But whether for the file of arbitrary format, how to automate one file of judgement is not one by encryption Easy thing.At present in computer forensics field, whether encrypted for a file, typically there are two methods.A kind of method It is that evidence obtaining personnel judge by hand, for example, manually opens a Word file, if necessary to input password, then the Word file is to add Close mistake, otherwise can directly it open;Another method is to be directed to specific file type, such as Word file, if one Word file is encrypted, then has an encryption indicator to be set to 1 in file header, can so be sentenced by programming automation Whether whether the disconnected encryption indicator is 1, then can be encrypted the Word file with automatization judgement.It will be apparent that former approach efficiency It is very low, waste time and energy, it is impossible to check the file of magnanimity one by one;And later approach, specific file format can only be directed to, if The conscious change file format of attacker, then be easy to this decision method of out-tricking, and leads to not carry out effectively judging encryption File.
Current encryption file decision method is difficult the text of the multiple format of the magnanimity to being run into computer forensics field Whether part is judged automatically by encryption, therefore, in the urgent need to one kind can be to file in the case of file format is not known Whether technology that encryption judged is passed through.
The content of the invention
For above-mentioned deficiency, file identification method is encrypted the invention provides a kind of unknown format, it can not know Progress automatic identification judgement whether is encrypted in the case of file format to arbitrary format file, encryption file can not only be entered Row effectively identification, judge efficiency high, and can avoid manually the problem of judged and cause to waste time and energy, also providing in addition A kind of data extraction method of unknown format file and a kind of data encryption decision method.
The present invention solves its technical problem and adopted the technical scheme that:A kind of unknown format encrypts the recognition methods of file, It is characterized in that, comprise the following steps:
S1:It is determined that needing that the arbitrary format file of identification is encrypted, and it is designated file destination;
S2:Data in file destination are extracted;
S3:The step S2 data extracted are judged, if it is determined that being clear data, then it is non-encrypted to export this document The result of file, if it is determined that being encryption file, then it is the result for encrypting file to export this document.

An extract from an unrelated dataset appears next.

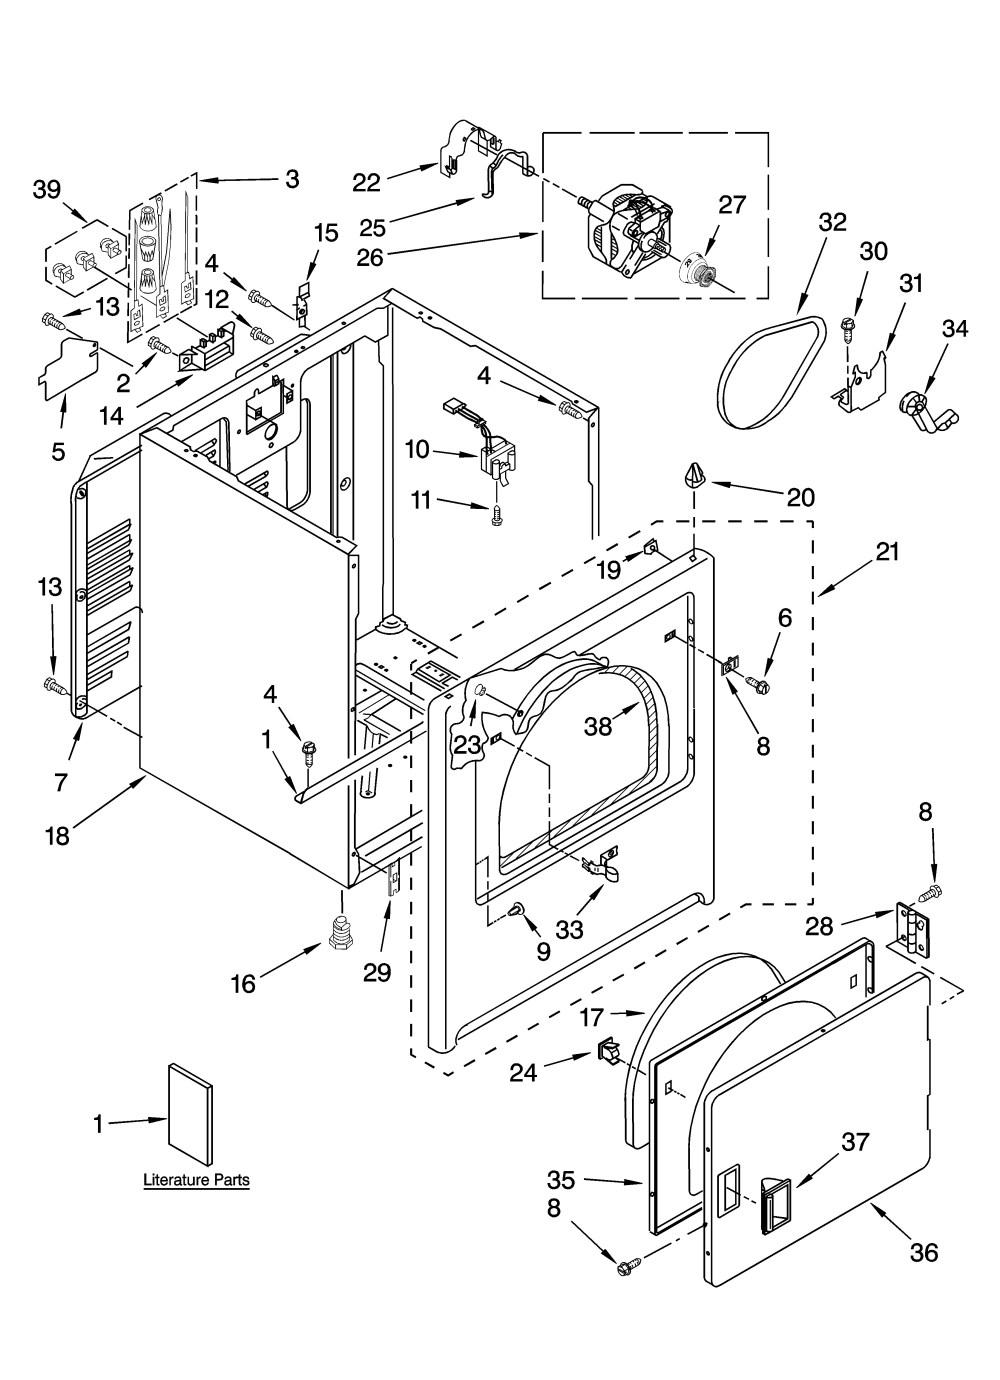 medium resolution of admiral dryer wiring diagram download admiral dryer parts diagram unique admiral admiral laundry parts model

The data in file destination carry out extraction process and comprised the following steps:
S21:File destination is opened in a binary format;
S22:The content of file destination is read in the form of binary word throttles, and the file destination content of reading is stored in Buffer area, untill all contents of file destination read and finished;
S23:Close file destination.
It is described that the process that the data extracted are judged is comprised the following steps:
S31:The size of file destination byte stream in buffering area is calculated, in units of byte, size is designated as, then by byte stream Middle content is designated as b successively from the 1st byte to the size byte1, b2..., bsize
S32:By b1, b2..., bsizeIt is converted into signless integer;
S33:Mean μ is calculated according to the following equation:
S34:E is calculated according to the following equation:
S35:σ is calculated according to the following equation:
S36:R is calculated according to the following equation:
S37:Compare R and threshold values f set in advance, if R<F, then judge file destination as encrypted file, otherwise Then judge the file that file destination is crossed as unencryption.
The threshold values f is the correlation between file byte after encryption.
Present invention also offers a kind of data extraction method of file destination, it is characterized in that, comprise the following steps:
S21:File destination is opened in a binary format;
S22:The content of file destination is read in the form of binary word throttles, and the file destination content of reading is stored in Buffer area, untill all contents of file destination read and finished;
S23:Close file destination.
The file destination for determination needs that the arbitrary format file of identification is encrypted.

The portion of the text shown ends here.